Orient Overseas (International) Limited (OOIL), a parent company of Hong Kong-based container shipping company Orient Overseas Container Line Limited (OOCL), managed to return to profit in the first half of 2019.
OOIL closed the first six months of this year with a profit of almost USD 139 million, compared to a loss of USD 10.3 million posted in the corresponding period a year earlier.
The group revenue rose to USD 3.3 billion in H1 2019 from USD 3.1 billion seen in H1 2018.
As explained, the improvement came despite an economic environment filled with uncertainties and seemingly slowing growth in terms of demand for container shipping services.

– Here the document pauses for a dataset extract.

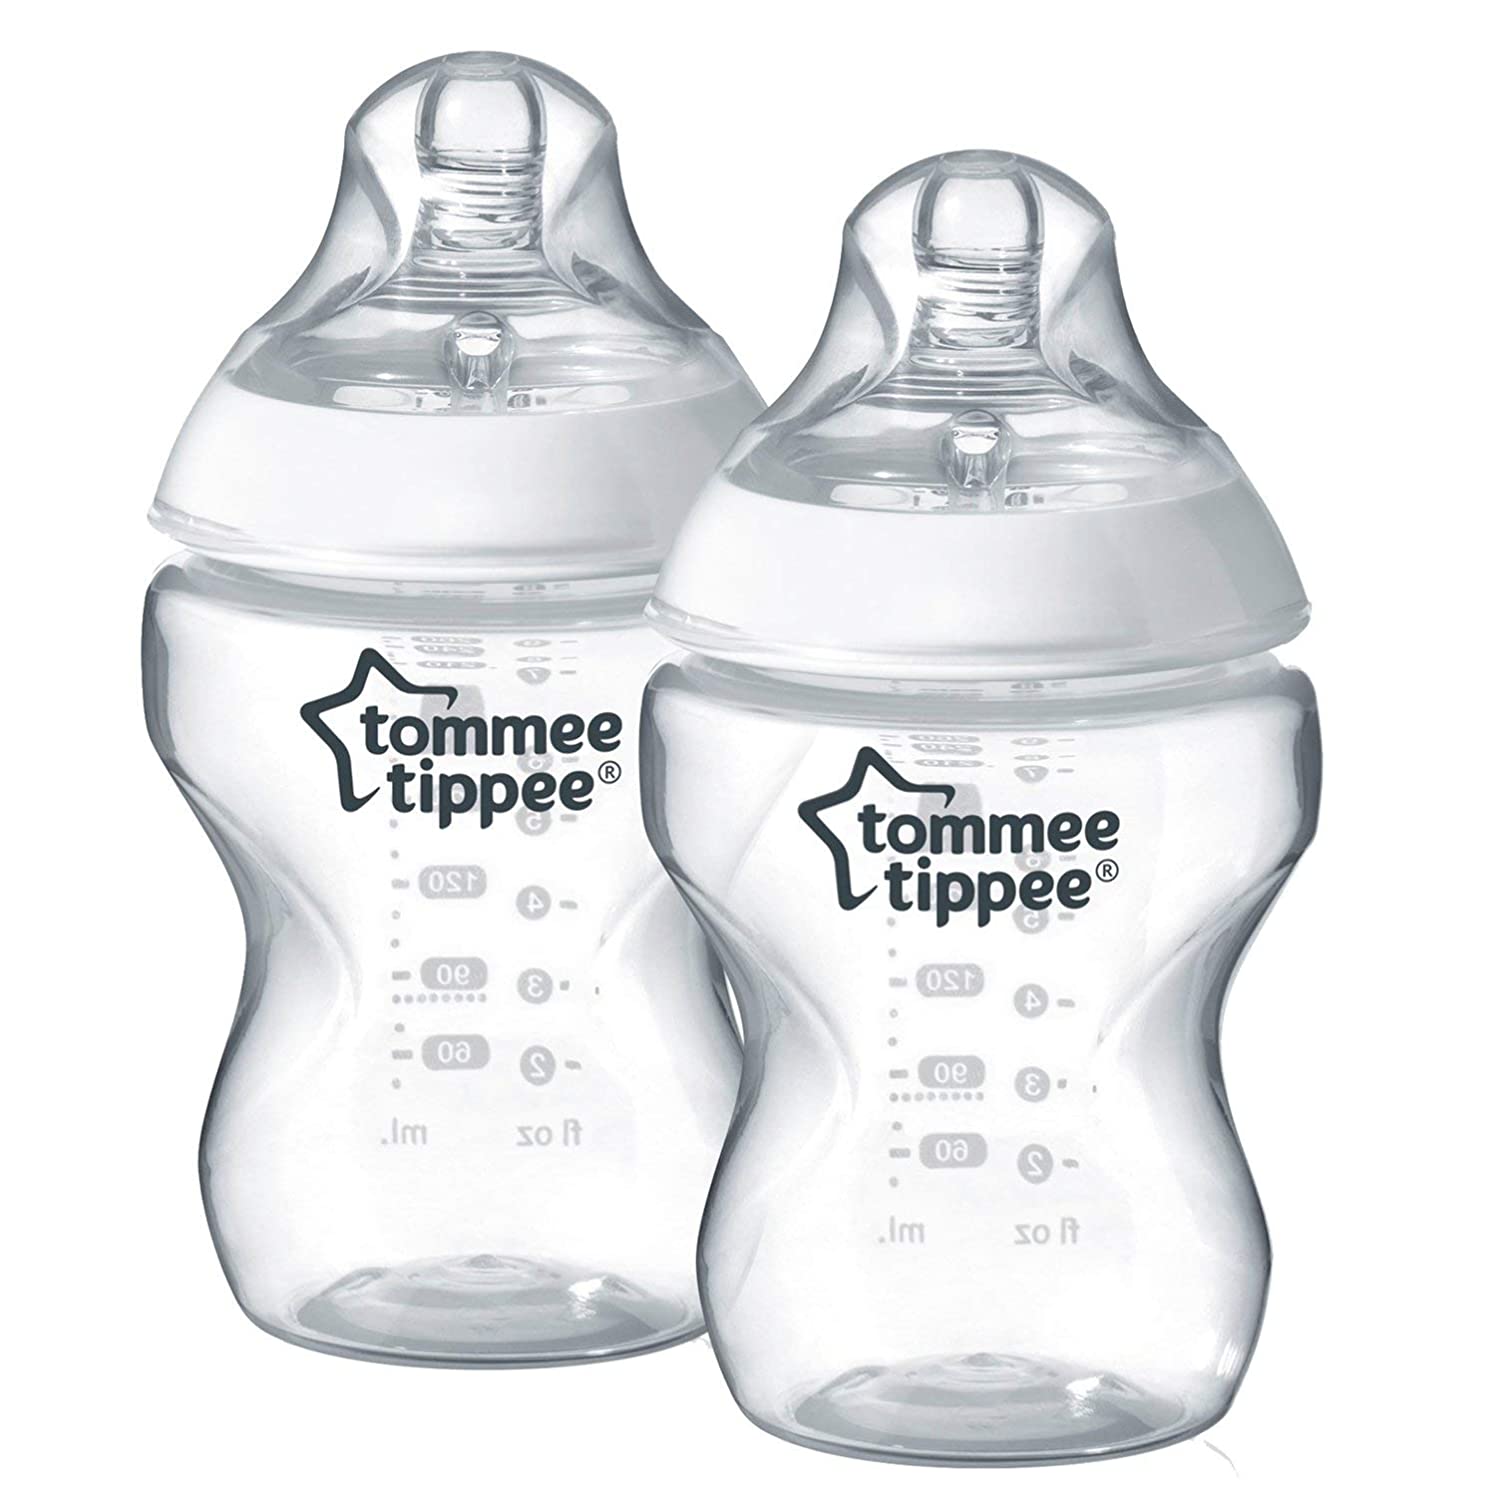 Tommee Tippee Closer to Nature 260 ml/9fl oz Feeding Bottles clear

Compared to the first half of 2018, OOCL liner liftings increased by 3.2% and revenue levels went up by 6.5%. Market growth did slow down in some trade lanes, but in many cases, this slow down in volume growth was outpaced by an improvement in the freight rates, the company said.

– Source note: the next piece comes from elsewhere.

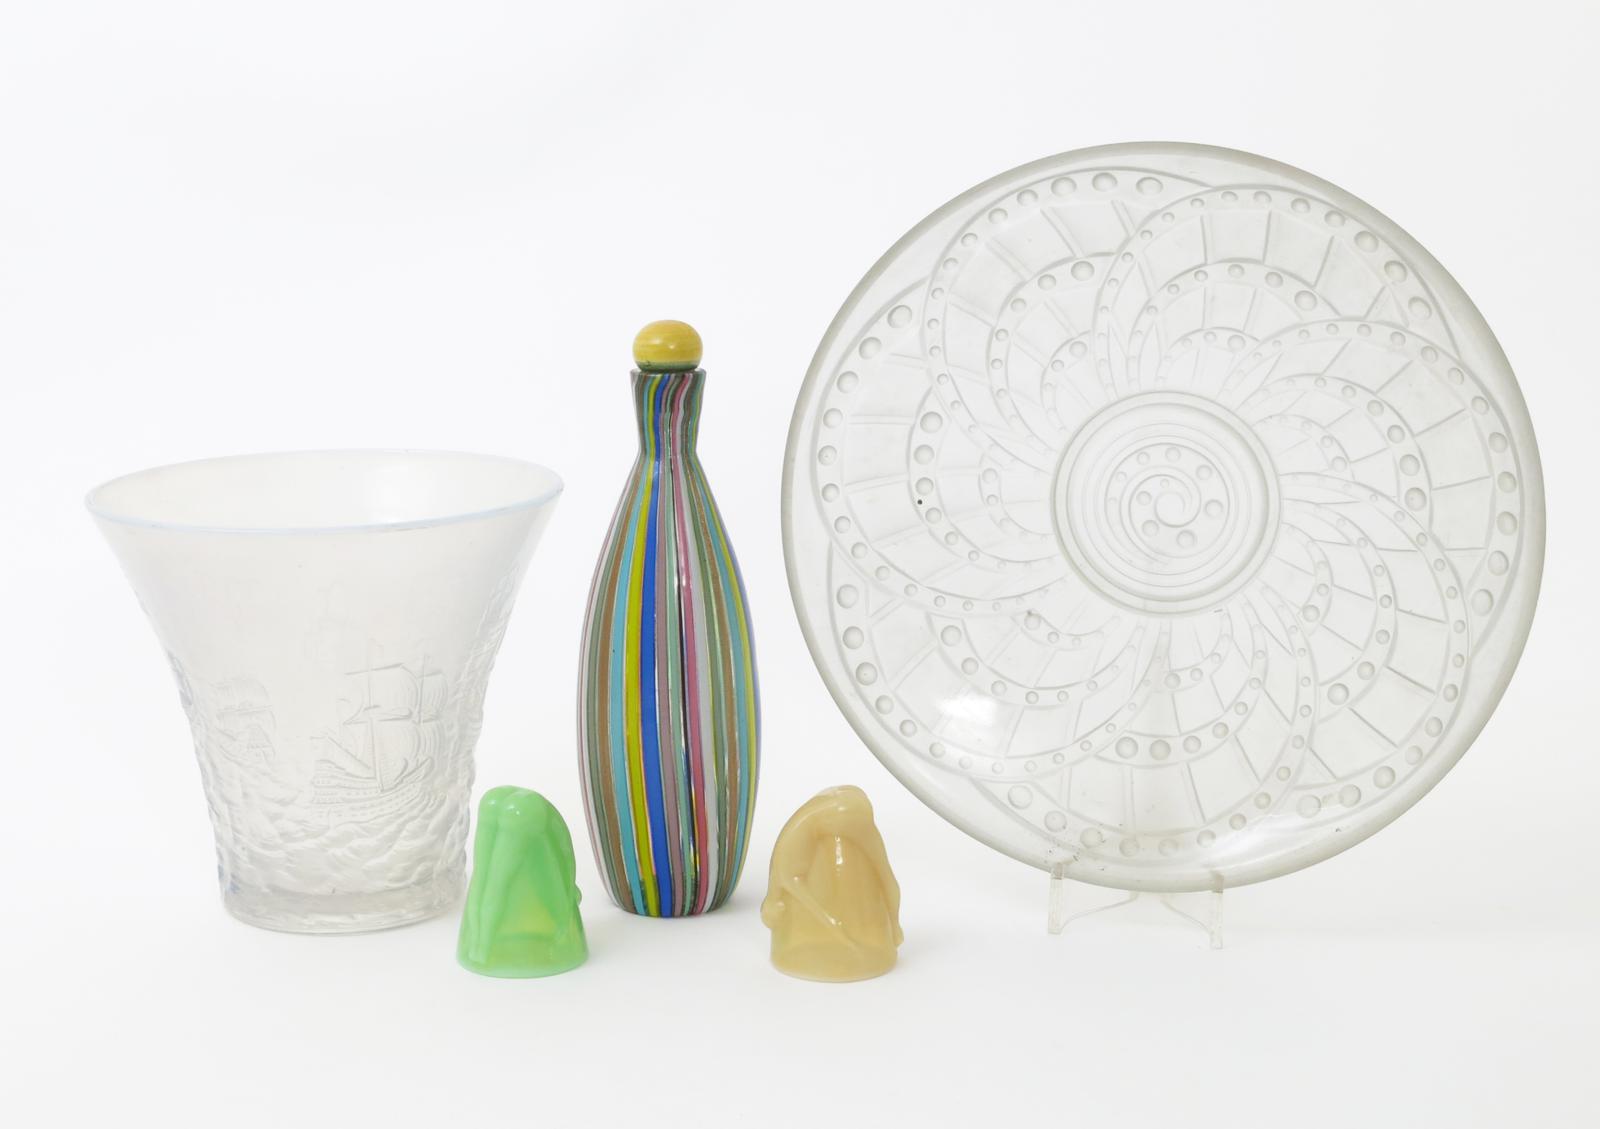 A Landier opalescent glass dish, moulded in low relief with radiating geometric swirls, an

In addition, the average bunker costs recorded by OOCL in the first half of 2019 were USD 441 per ton compared with USD 403 per ton for the corresponding period in 2018. The rise in both the fuel oil and diesel oil price has resulted in an increase of bunker costs by 3% in the first half of 2019 compared with the corresponding period last year.
In the first half of 2019, the company didn’t take delivery of any newbuild vessels and didn’t place any new orders. As World Maritime News reported in January, OOCL said it had no plans to order new ships despite the rumored 23,000 TEU order. Currently, the six 21,413 TEU G-class vessels delivered in 2017 and 2018 are among the largest containerships in OOCL’s fleet.
In April 2019, OOIL inked an agreement to sell the Long Beach Container Terminal to a consortium led by Macquarie Infrastructure Partners. The deal included OOIL signing a 20-year container stevedoring and terminal services contract. The terminal divestment is being pursued by China’s COSCO Shipping Holdings as part of its USD 6.3 billion takeover of OOIL.
“We edge closer to the conclusion of the sale of our container terminal in Long Beach, California. The transaction announced by us on 29th April 2019 not only generates meaningful cash proceeds now, but also ensures that OOCL will continue to have access to a highly automated and efficient terminal that meets our needs,” OOIL disclosed in the financial statement.
“Since last July, we have implemented “Dual Brand” strategy for achieving synergy benefits and improving service quality. It is pleasing to note that our efforts to generate significant synergy savings through co-operation within the COSCO Shipping Holdings … group are bearing fruit… We have also achieved significant synergy benefits through network planning, equipment pooling, procurement and IT.”